Тёща взвизгнула: «Лупите!
В углях палки прокалите!
На кол гада наколите!
В дырку смрадную всадите!
Справим мальчику пизду!
На елду пора узду!
Станет пидор-побирушка,
Позабудет о былом.
Снизу срежем побрякушки
И подохнет бобылем!»
И тут Юэнян, а вместе с нею Сюээ, жена Лайсина, жена Лайчжао — Шпилька, Чжунцю, Сяоюй, Сючунь и остальные повалили Цзинцзи и принялись избивать палками и вальками. К ним подошла и Симэнь Старшая, жена Цзинцзи, но не встала на защиту мужа. Тогда Цзинцзи, не зная, как избавиться от женщин, снял штаны и предстал пред ними нагим.
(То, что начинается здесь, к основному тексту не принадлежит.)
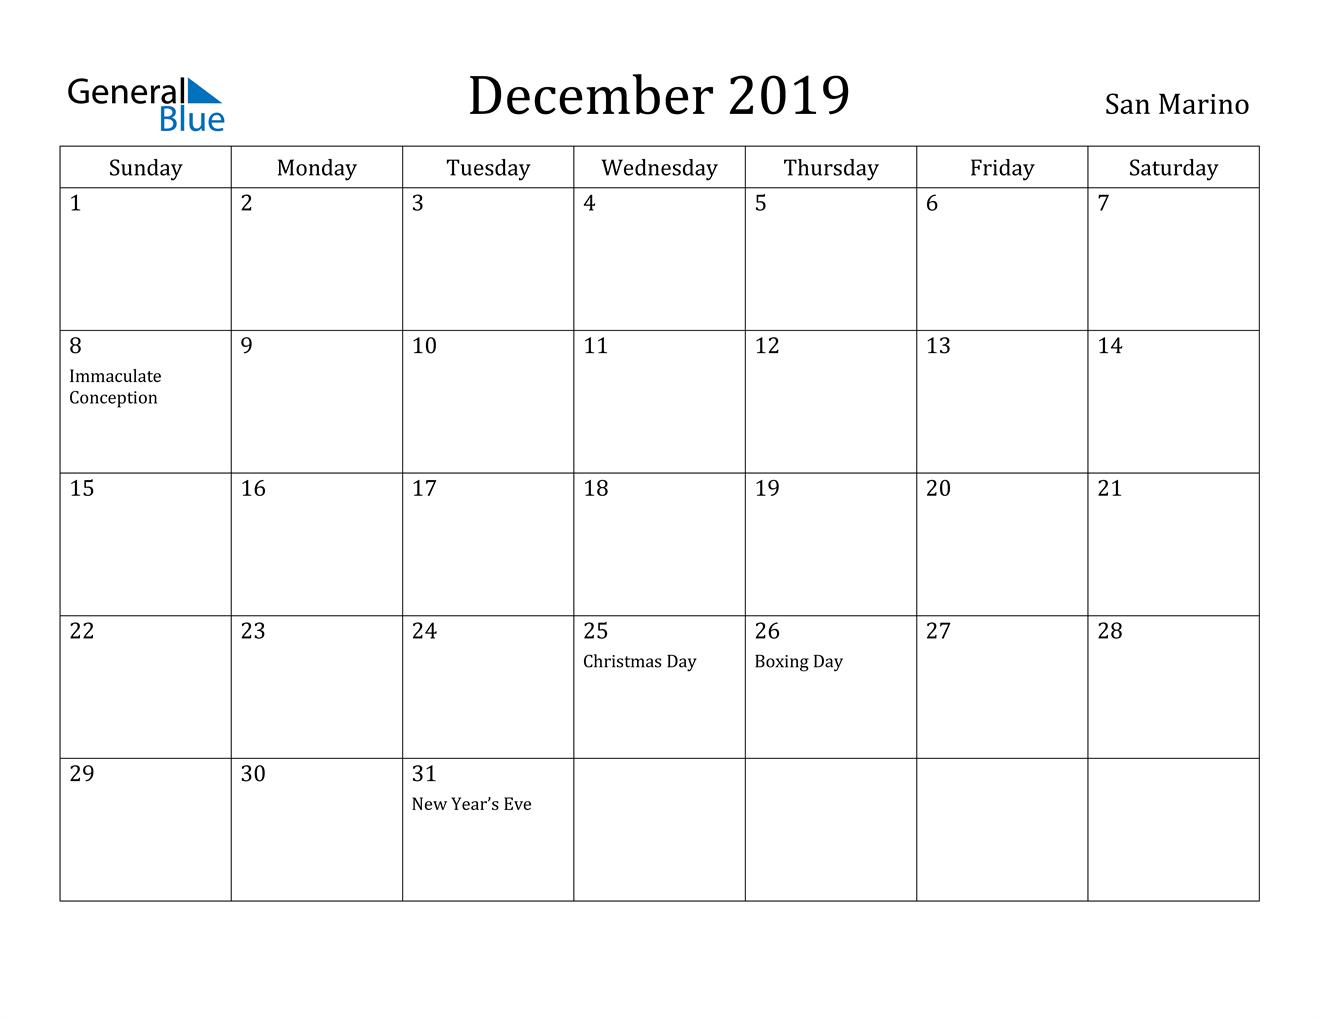 Image of December 2019 San Marino Calendar with Holidays Calendar

Ошеломленные женщины побросали палки и разбежались кто куда.
Негодование и стыд охватили Юэнян.
– Эх ты, ублюдок бесстыжий! — заругалась она.
Цзинцзи промолчал, а про себя подумал: «А ловко я сообразил. Иначе мне живым не выбраться». Он вскочил на ноги, подобрал штаны и убежал в переднюю половину дома. Юэнян велела слуге пойти за ним следом и сказать, чтобы сдавал счета приказчику Фу.
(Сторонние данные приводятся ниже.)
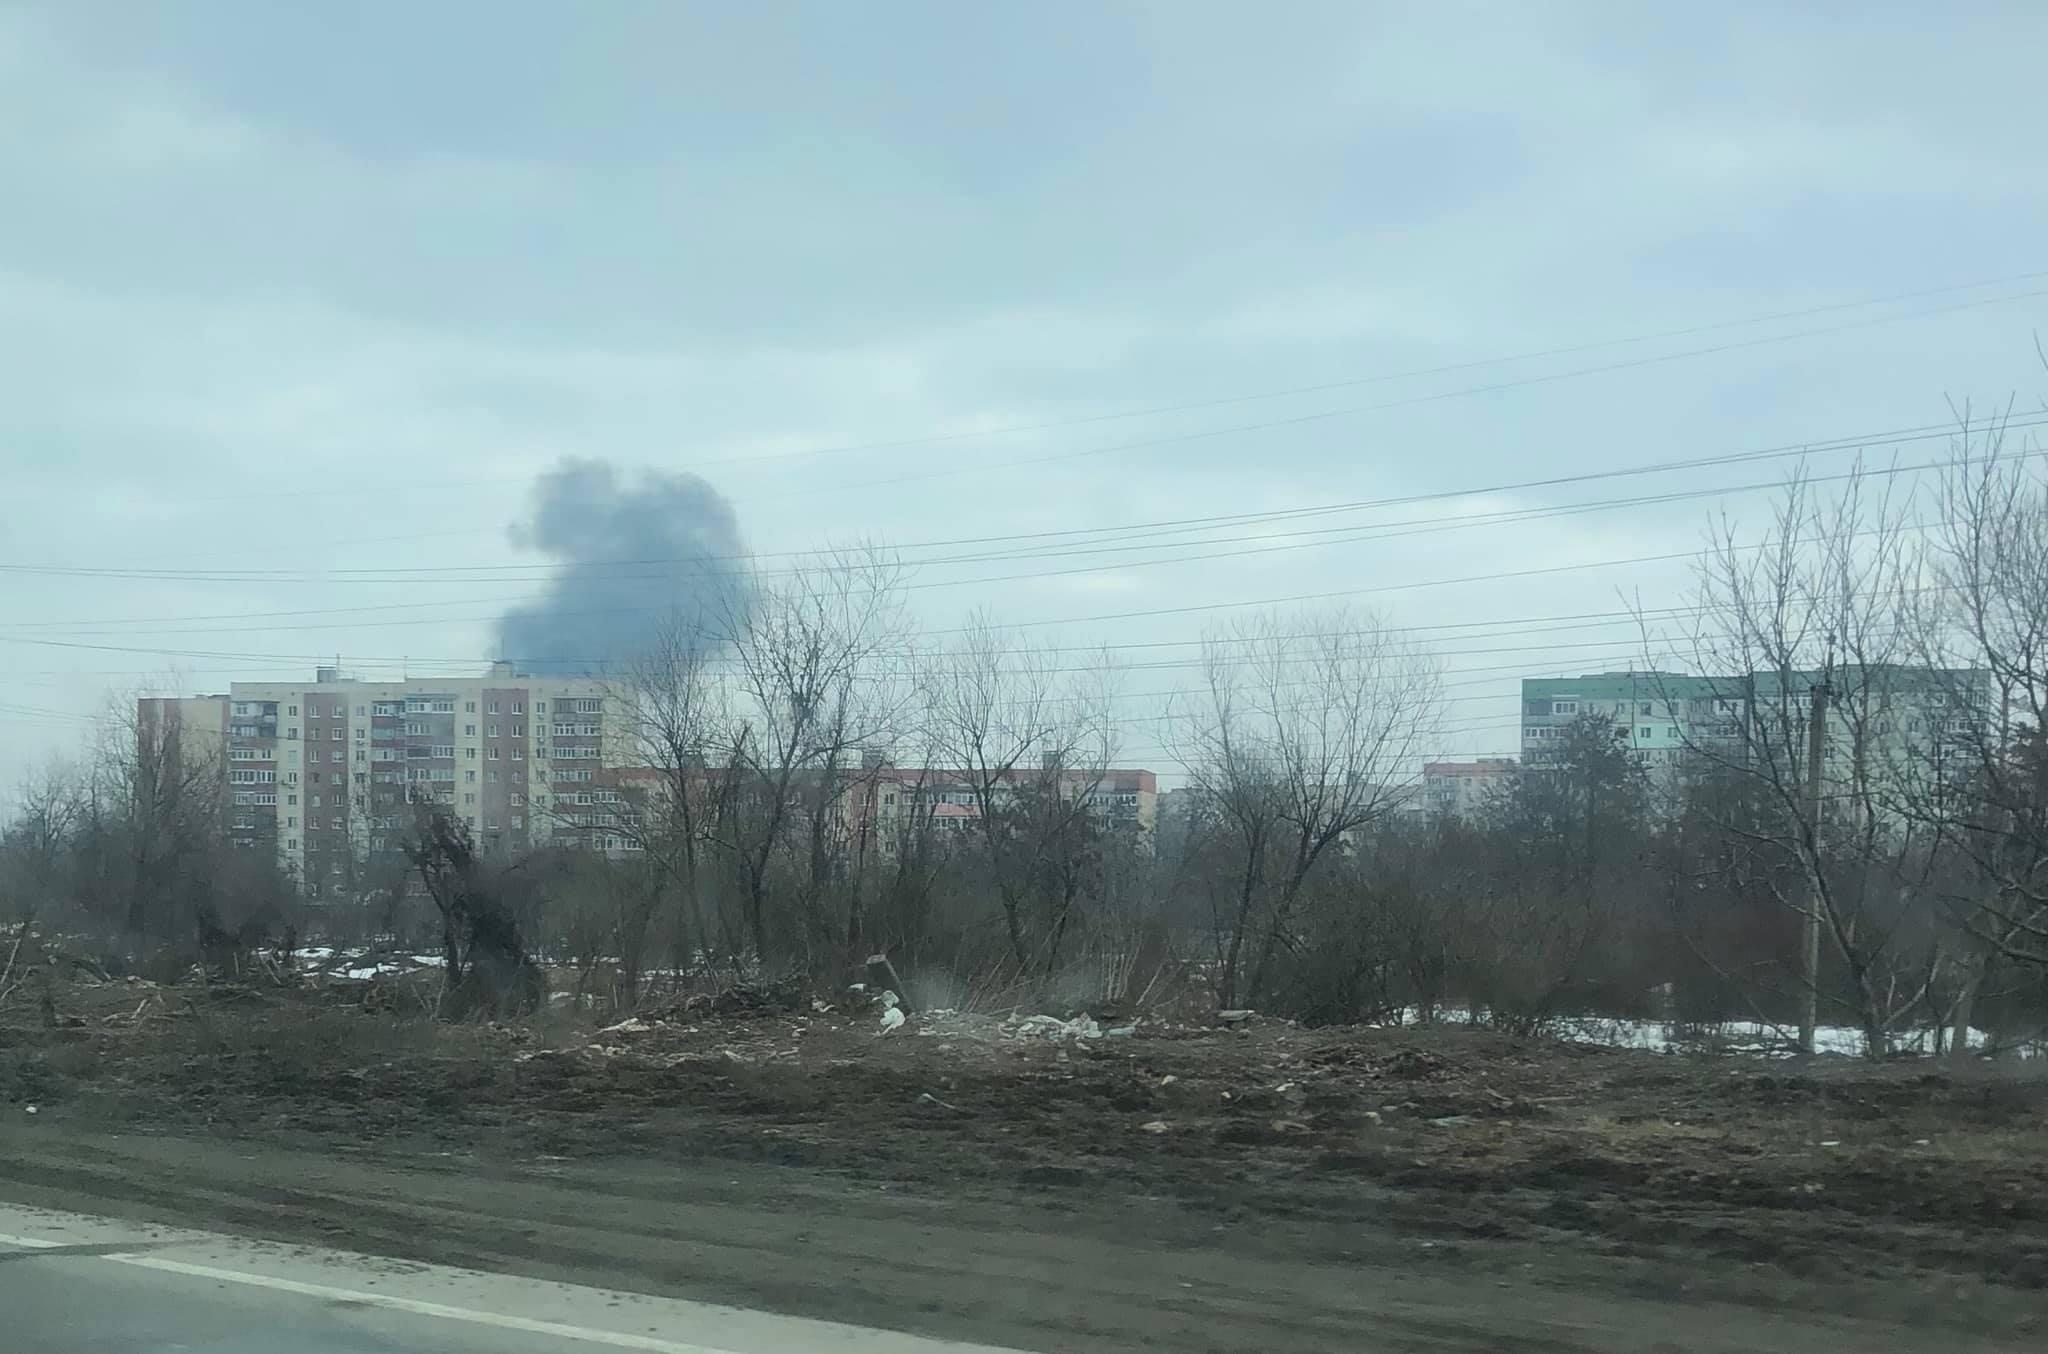 У Мукачеві в мікрорайоні Росвигово пожежа: горить будівля

Цзинцзи и сам, конечно, понимал, что тут ему больше делать нечего. Собрав вещи и постель, ни с кем не простившись, он со злостью покинул дом Симэнь Цина и направился прямо к дяде Чжану.
Да,
Только гнев, только милость в веках
Никогда не рассыплются в прах.
Услыхала Пань Цзиньлянь, что Цзинцзи выгнали из дома, и затосковала, загрустила пуще прежнего.
И вот однажды, помня совет Сюээ, Юэнян велела позвать старуху Ван.
С тех пор как сын старухи, Ван Чао, воротился с купцами с верховьев реки Хуай, она бросила чайную торговлю. Дело в том, что Ван Чао украл у проводника сто лянов серебра, и они зажили по-другому: купили двух ослов, установили жернова да сита и заработала у них мельница.
Как узнала старая Ван, что ее зовут в дом Симэнь Цина, тотчас же приоделась и пошла.
– Давно тебя не видала, сынок, — обратилась к Дайаню старуха, когда они вышли из дому. — У тебя и прическа появилась. Женился?
– Нет еще.
– Кому ж я понадобилась, когда батюшки-то не стало? — спрашивала Ван. — Уж не матушка ли Пятая сыночка ожидает, меня в повивальные бабки просит?
– Есть когда матушке Пятой ребенком обзаводиться! — отвечал слуга. — Ей бы только с зятем путаться! Вот хозяйка и просит тебя, мамаша, продать ее.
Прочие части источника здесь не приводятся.